The pecan looks too inviting, I pluck it out with my teeth, crunching it, the roasted sweetness blending with his salty flavor. I crawl up his body. I want to kiss him, but I don't dare. I just look at him, look closely as he looks at me. I see his eyes move across my flushed cheeks to my lips. They stay at my lips for a while. I can tell they're swollen from working his cock, and they've covered in caramel and cream. I move my face closer and his tongue comes out and tastes them. I groan and shake, needing his participation more than I want to admit. He laps at them, pulling me closer, running his tongue down my jaw line. Just before I lean in for a kiss, something prompts me to look at his eyes. They're wild and full of hatred. I jerk my head back as his teeth snap inches from my throat.

Fuck. I sit back, shaking this time from fear. Now there's satisfaction in his eyes. He knows I understand the price I'm to pay. I ask him if I'm to pay that price and get nothing for it.
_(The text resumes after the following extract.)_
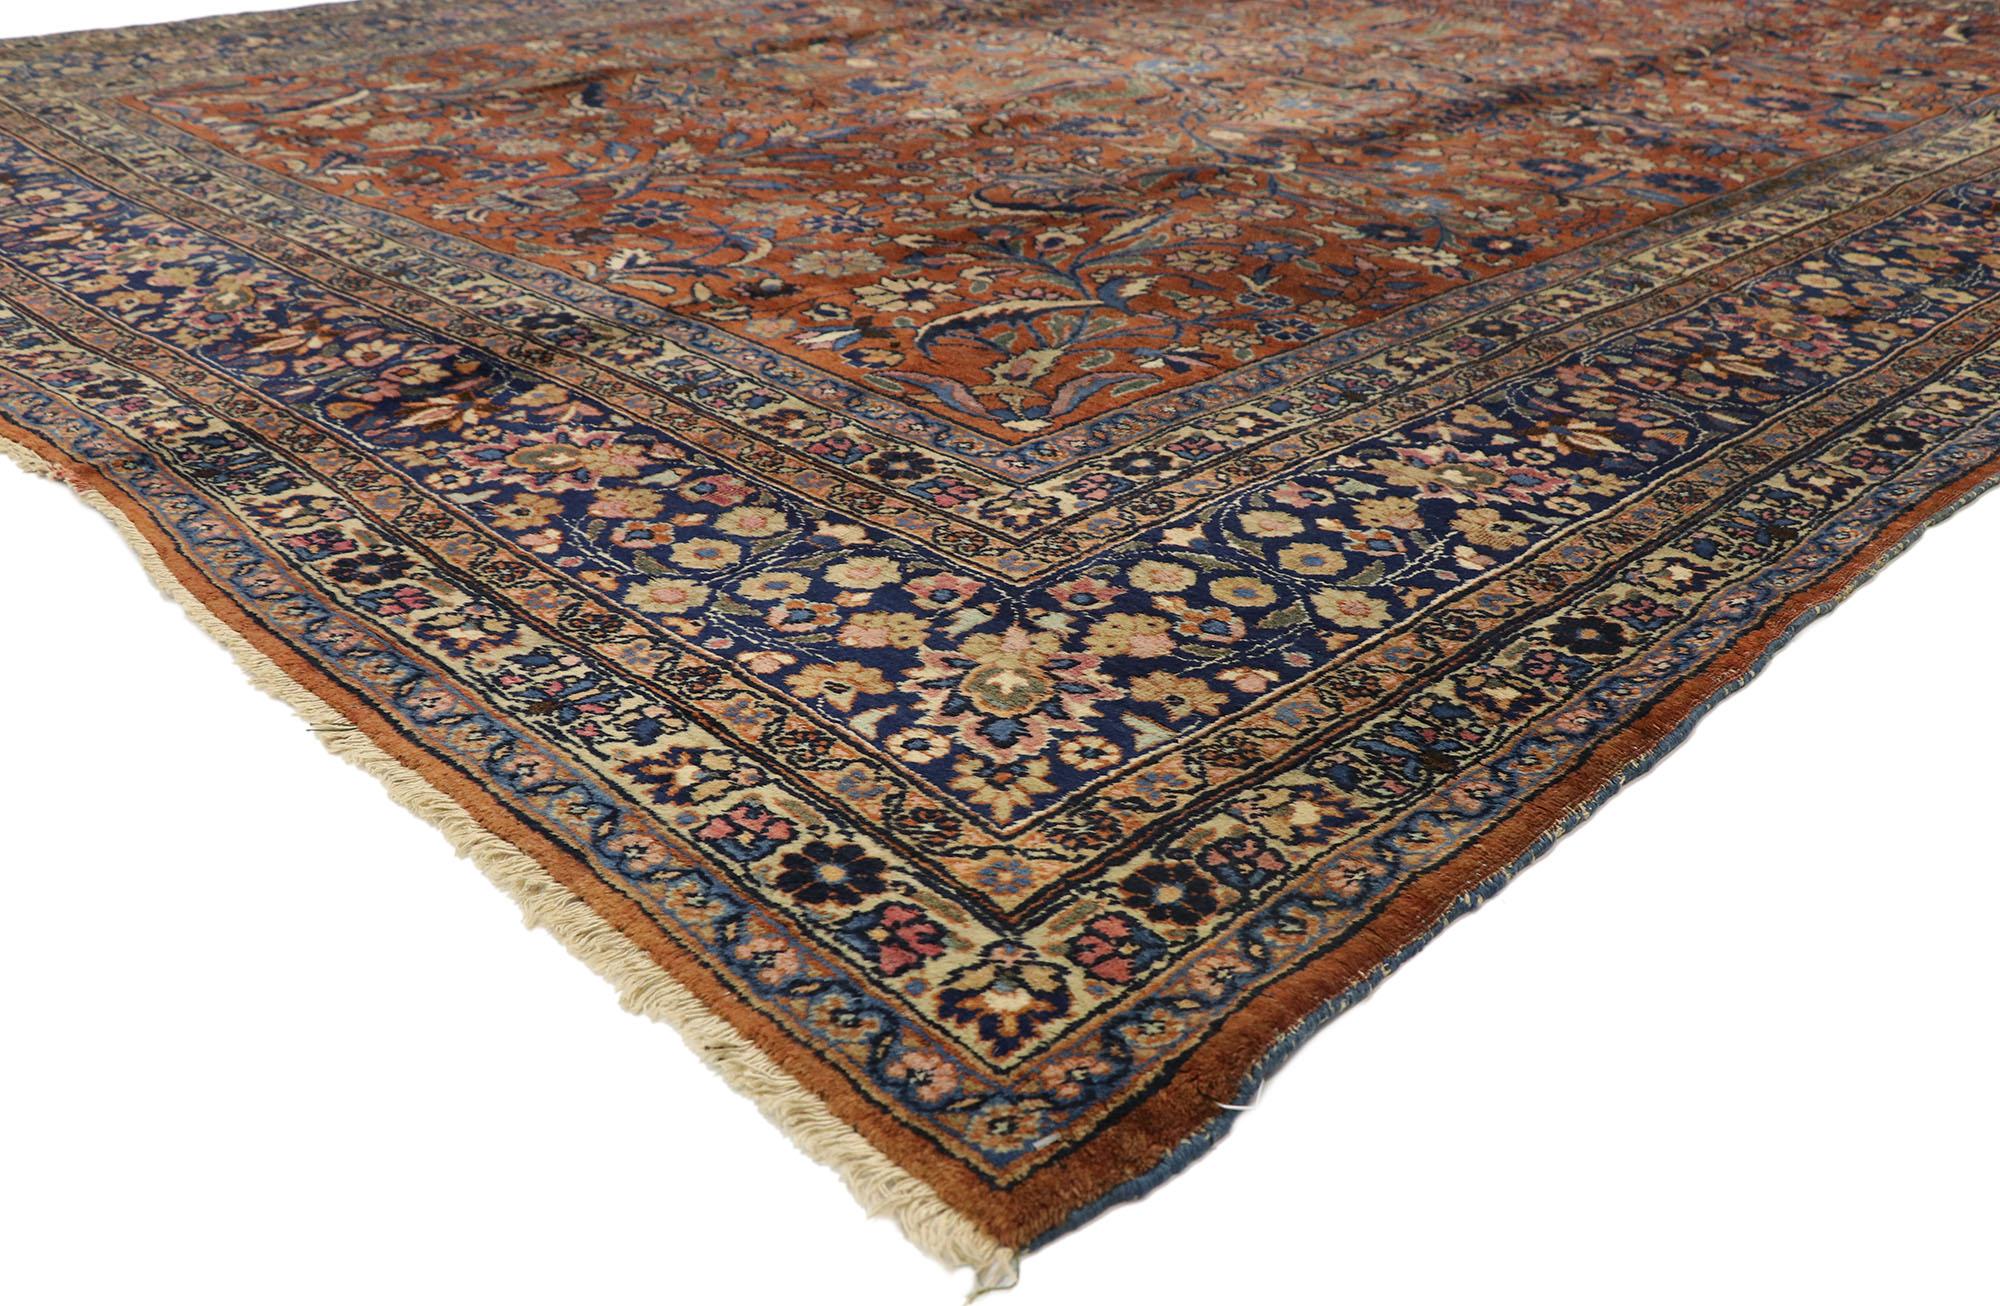 71212 antique Persian Mashhad rug with Traditional style 08'10 X 12'00 From Esmaili Rugs Collection. This hand-knotted wool antique Persian Mashhad rug with traditional style features an allover pattern on a warm rust colored field surrounded by a

Yes. He hisses the word. I no longer try to arouse him. If that's the price I'm going to pay, he's going to listen. I sit on his hips and begin talking. 

I talk about the first time I saw him, how I couldn't take my camera off him, how he captured my imagination. I talk about his rape of me, of the fear and the pain and the pleasure. He knows all about that though. Then I talk about afterwards, the humiliation and disgust at myself, the guilt that I'd enjoyed what he'd done. I tell him about Feilong, how it was the same but not. And how I knew what he had done to me afterwards was as much about helping me fight fear as it was staking a claim. I tell him how I masturbate thinking of him, of him taking me and touching me, how my thoughts are claimed by him and him alone. I tell him how I've tried looking at others and I feel nothing. I'm impotent with them. 

His eyes are still filled with satisfaction, but the cold is returning.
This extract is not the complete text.